**Task**
Every line from the one with "Janukowitsch / PK" through the last line below should be repeated exactly; pictures stay out of the copy.

**Provided material**
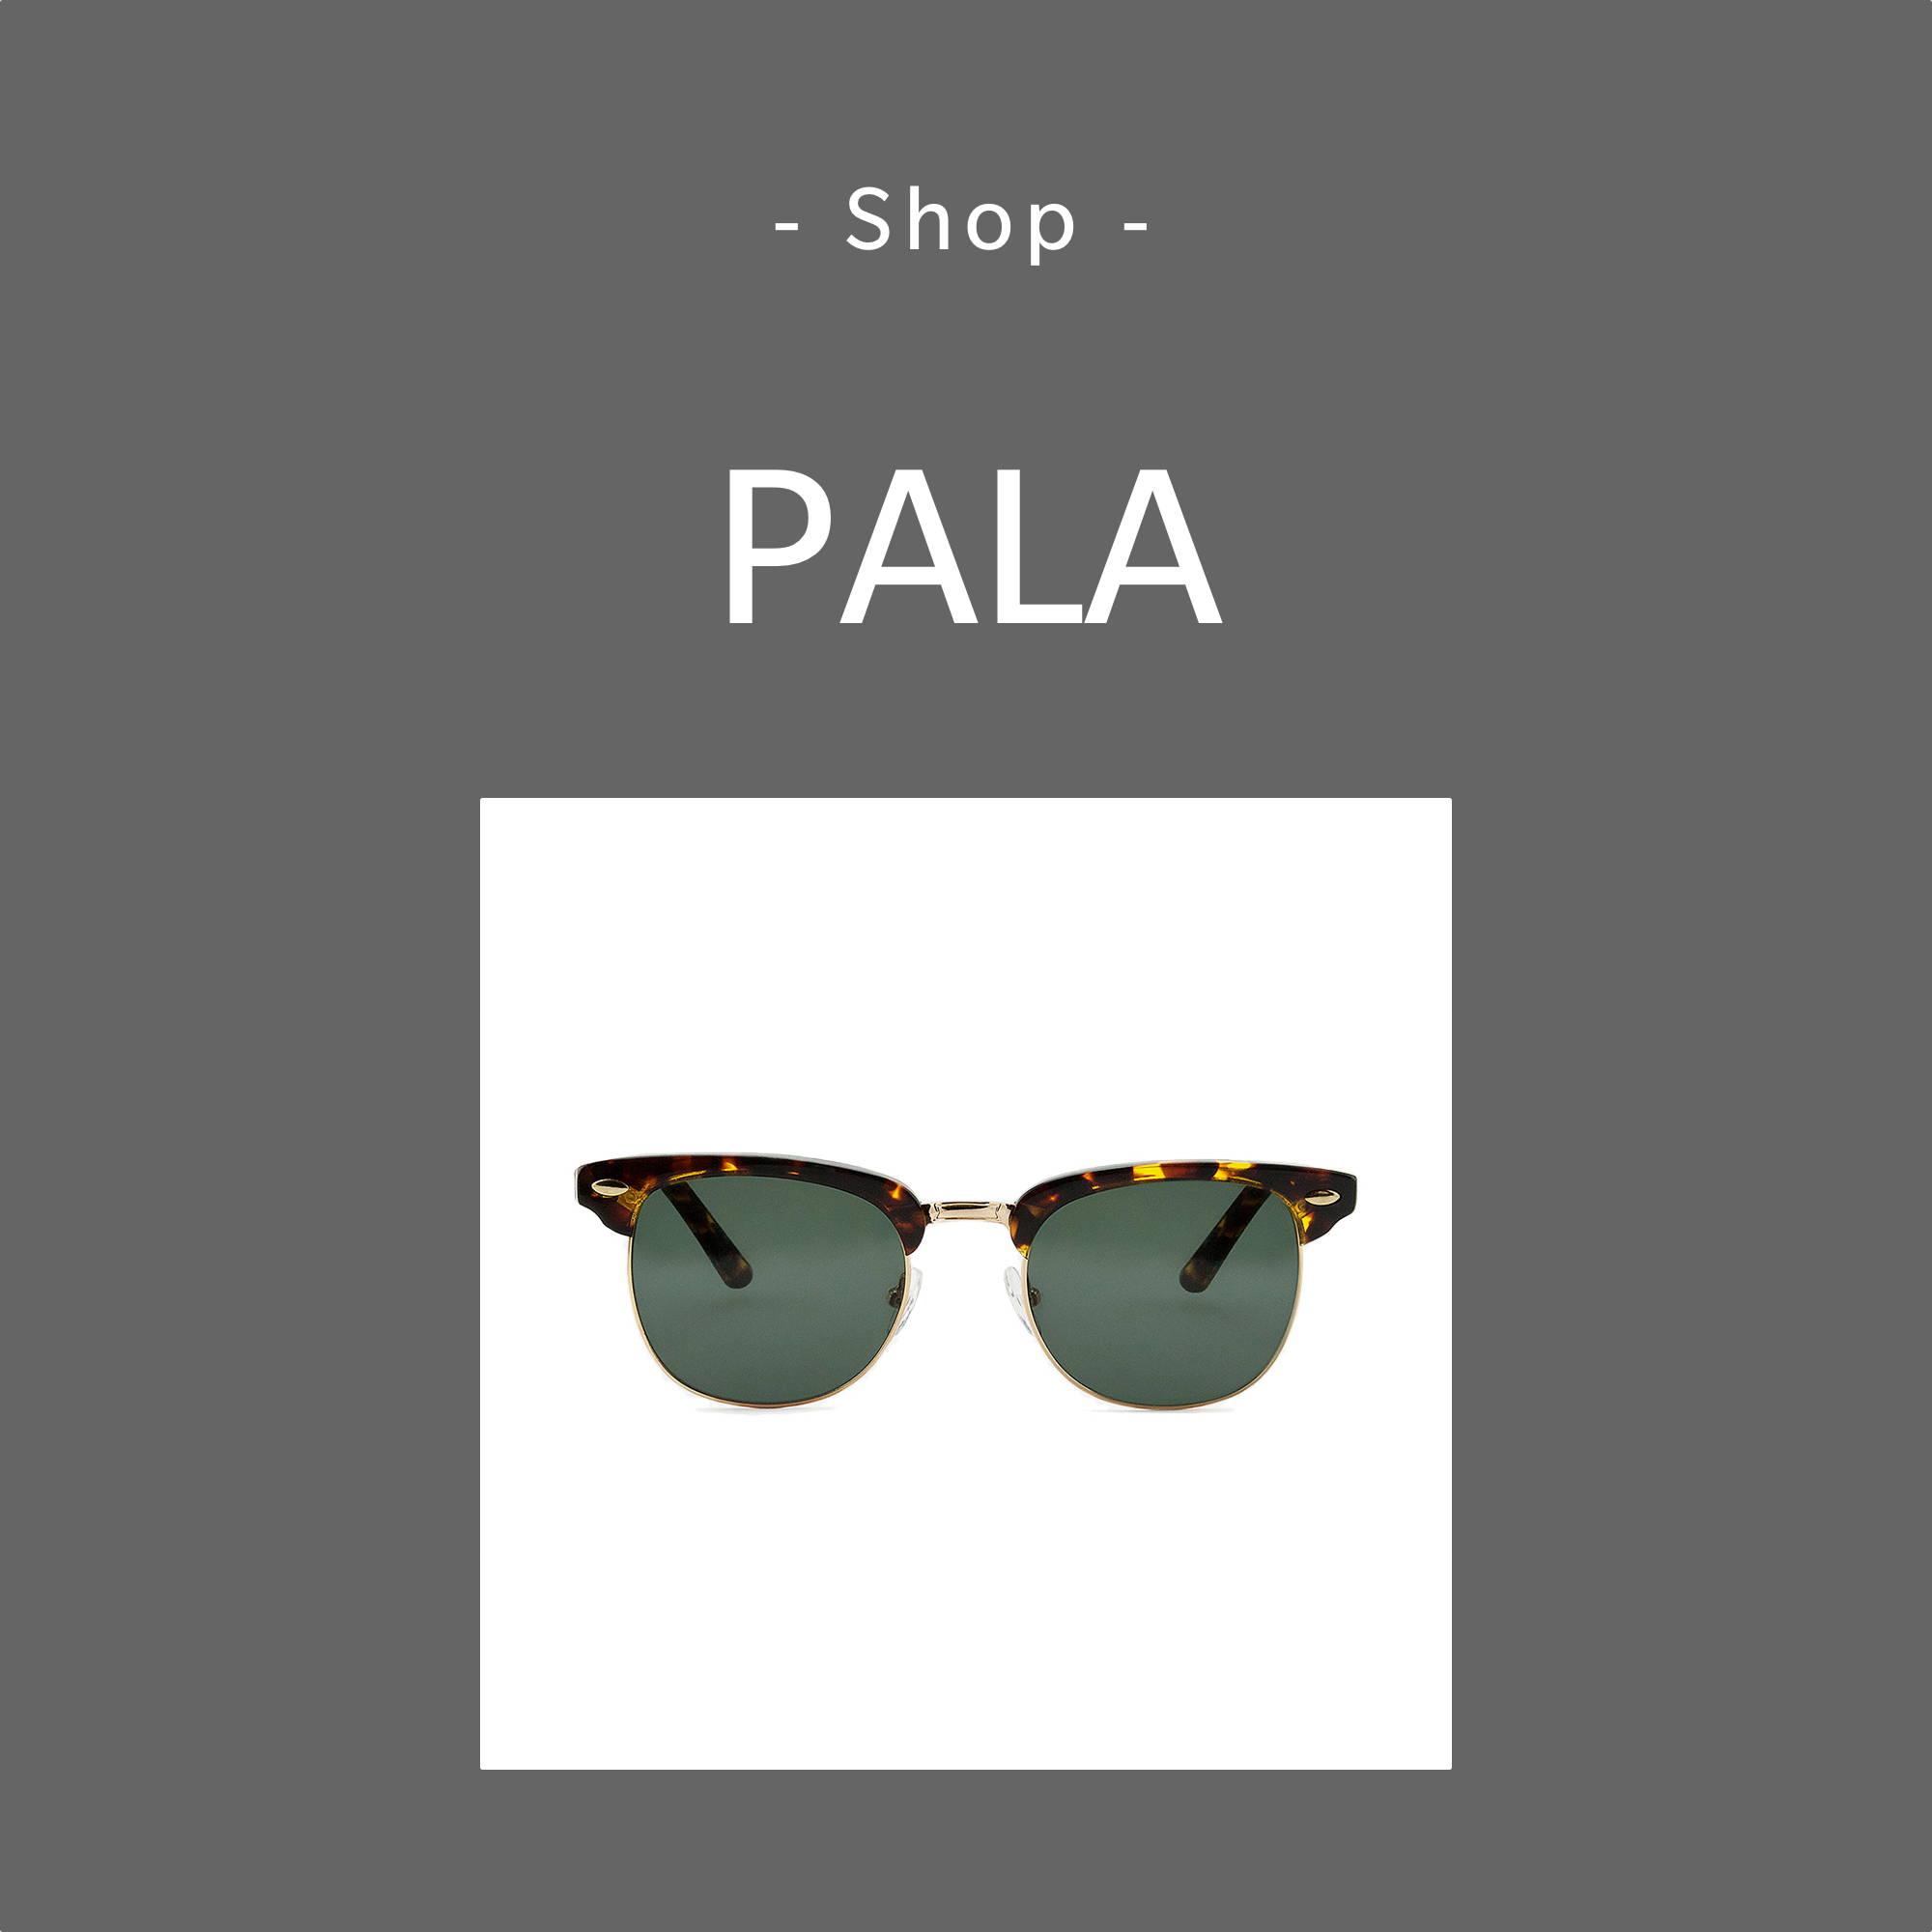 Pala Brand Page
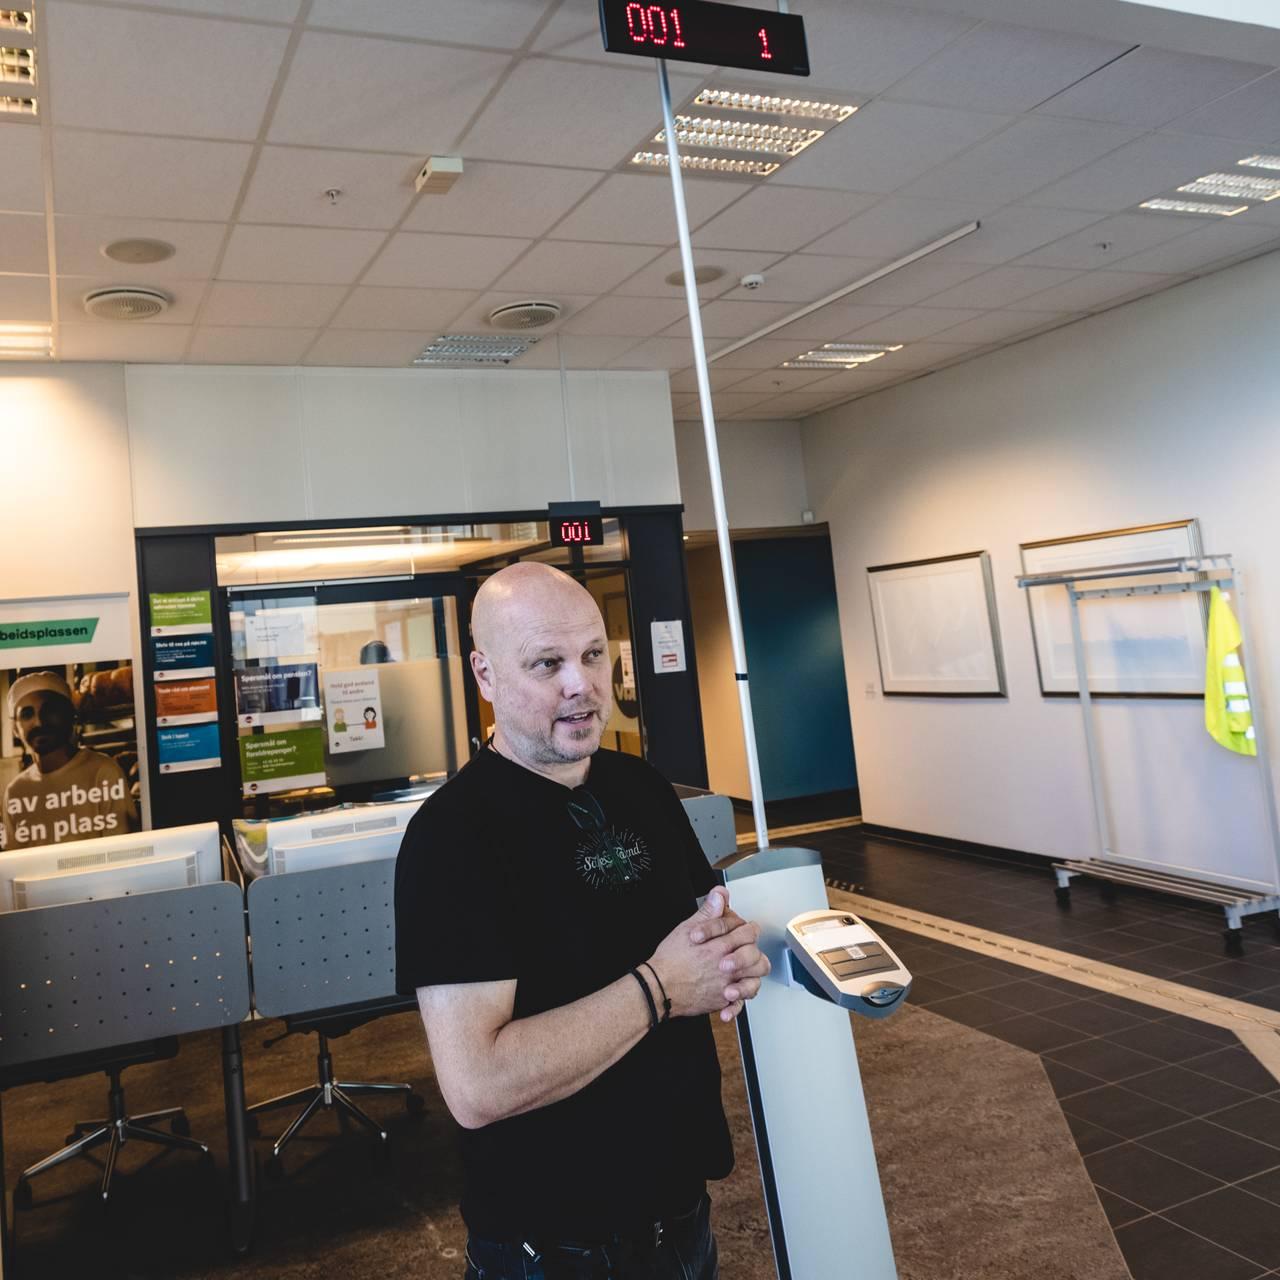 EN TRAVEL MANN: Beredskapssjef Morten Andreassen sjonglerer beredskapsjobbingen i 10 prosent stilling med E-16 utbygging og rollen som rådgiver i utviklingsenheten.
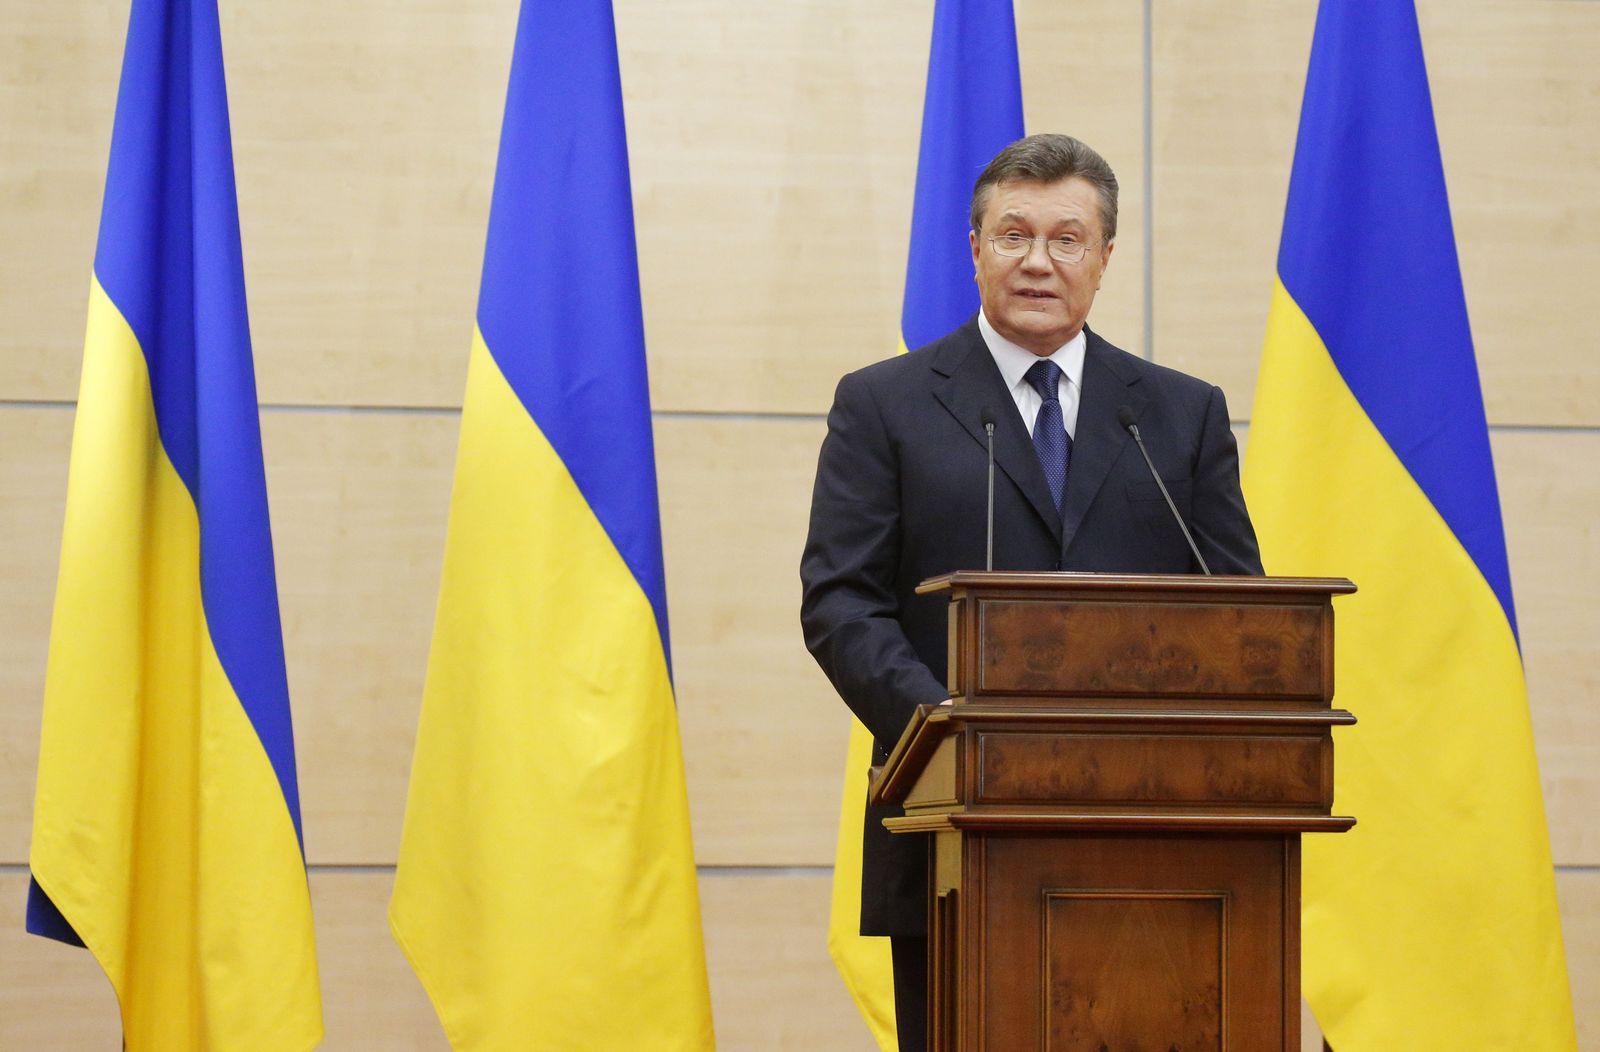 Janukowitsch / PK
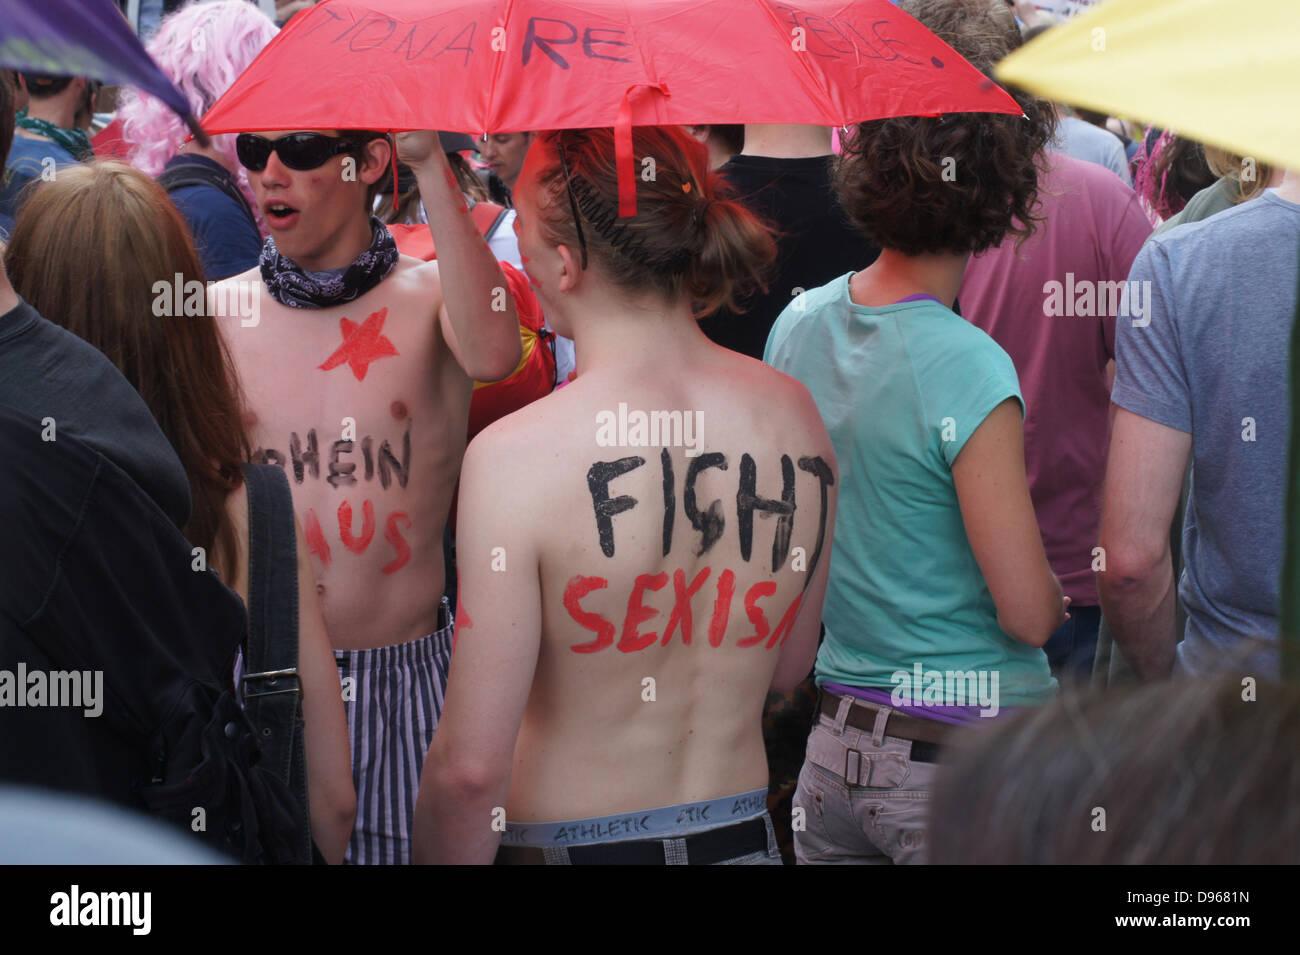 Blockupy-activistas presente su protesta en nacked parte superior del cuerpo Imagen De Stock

**Solution for this task**
 Janukowitsch / PK
 Blockupy-activistas presente su protesta en nacked parte superior del cuerpo Imagen De Stock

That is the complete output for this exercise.